The Skies over Northern Maryland

"Falcon three, do you have a shot?" Jenna asked.

"Gotta get a lock-on," Troy said, gritting his teeth.

By this time, Raymond Harris knew he was up against someone good. He had tried to run, single-mindedly trying to get back on his trajectory to the target.

However, to do this was to put his vulnerable hindquarters into the eyes of the F-16's Sidewinders. Each time, he heard the ping of a lock-on. Each time, he was able to maneuver out of the way, but with each maneuver, he was off course for his target.

The Raven and the F-16 twisted and turned across the sky as Troy tried to achieve lock-on and as Harris tried both to prevent this and to push the Raven itself into a shooting position.

They had gotten into the dogfight maneuver that dogfighters call a scissors, a series of repeated turn reversals in which the aircraft being chased tries both to stay out of the line of fire and twist itself in such a way as to cause the pursuer to overshoot.

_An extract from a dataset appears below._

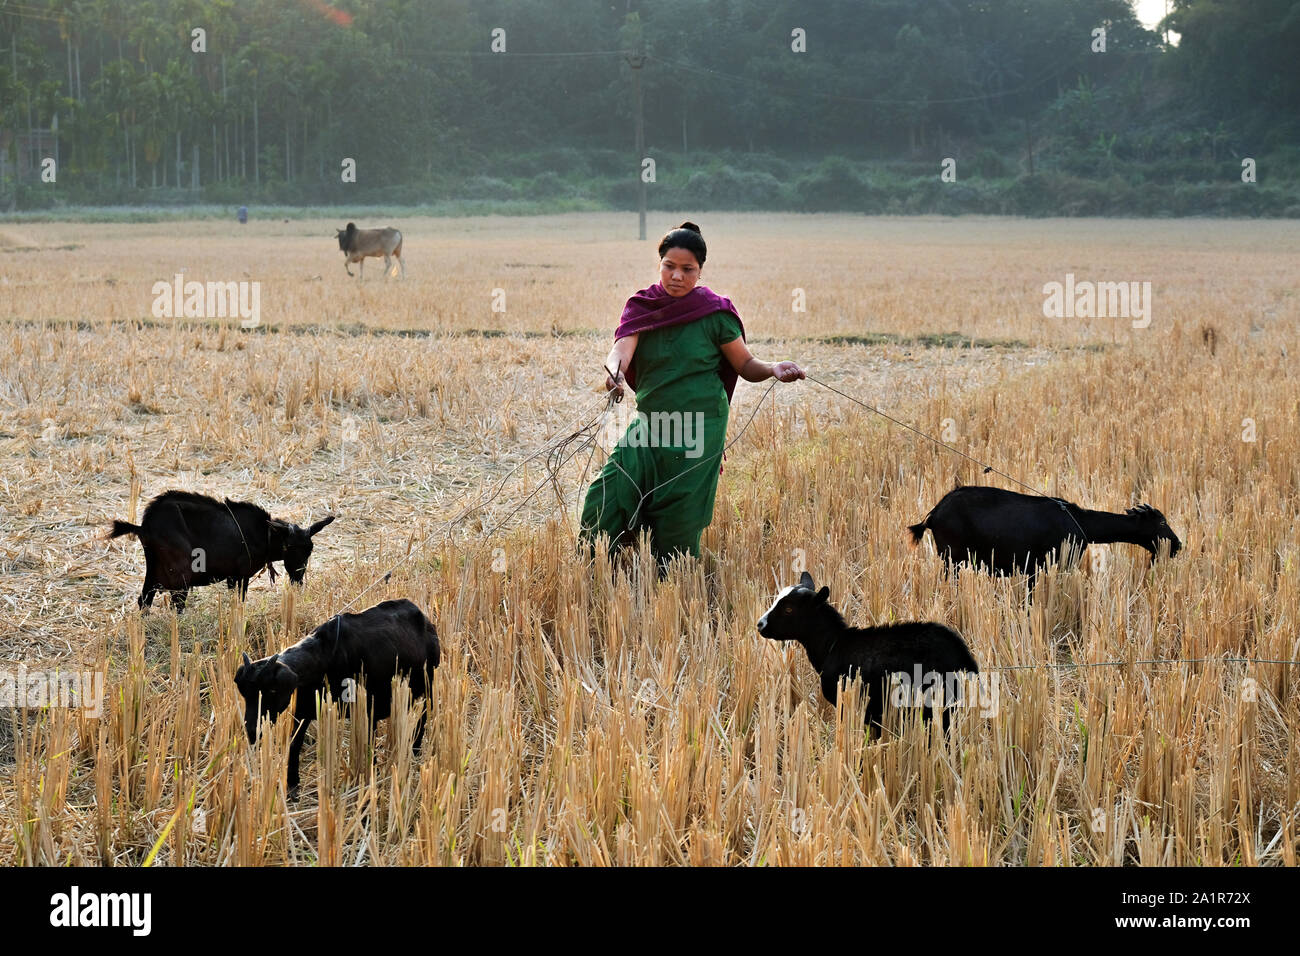 Woman raising her goats on a harvested paddy field in the village of Borakathal, Tripura State, Northeast India Stock Photo

The idea is that the hunted suddenly becomes the hunter.

Harris groaned and cursed.

The HAWX Program had designed the Raven to be as maneuverable as it was fast, but with seven hundred pounds of nuclear bomb in its central weapons bay, the Raven was not as agile as it might have been otherwise.

Troy thumbed off a burst of twenty-millimeter rounds as the Raven crossed his pipper.

They went wild, but at least Harris knew he was there.

Aha!

For a split second, Harris stopped maneuvering.

It is a natural impulse when you are taking fire to stop moving, and Harris had succumbed.

It is a natural impulse, when you see your quarry pause, to take a shot, and Troy succumbed.

The Sidewinder got its lock-on and streaked forward.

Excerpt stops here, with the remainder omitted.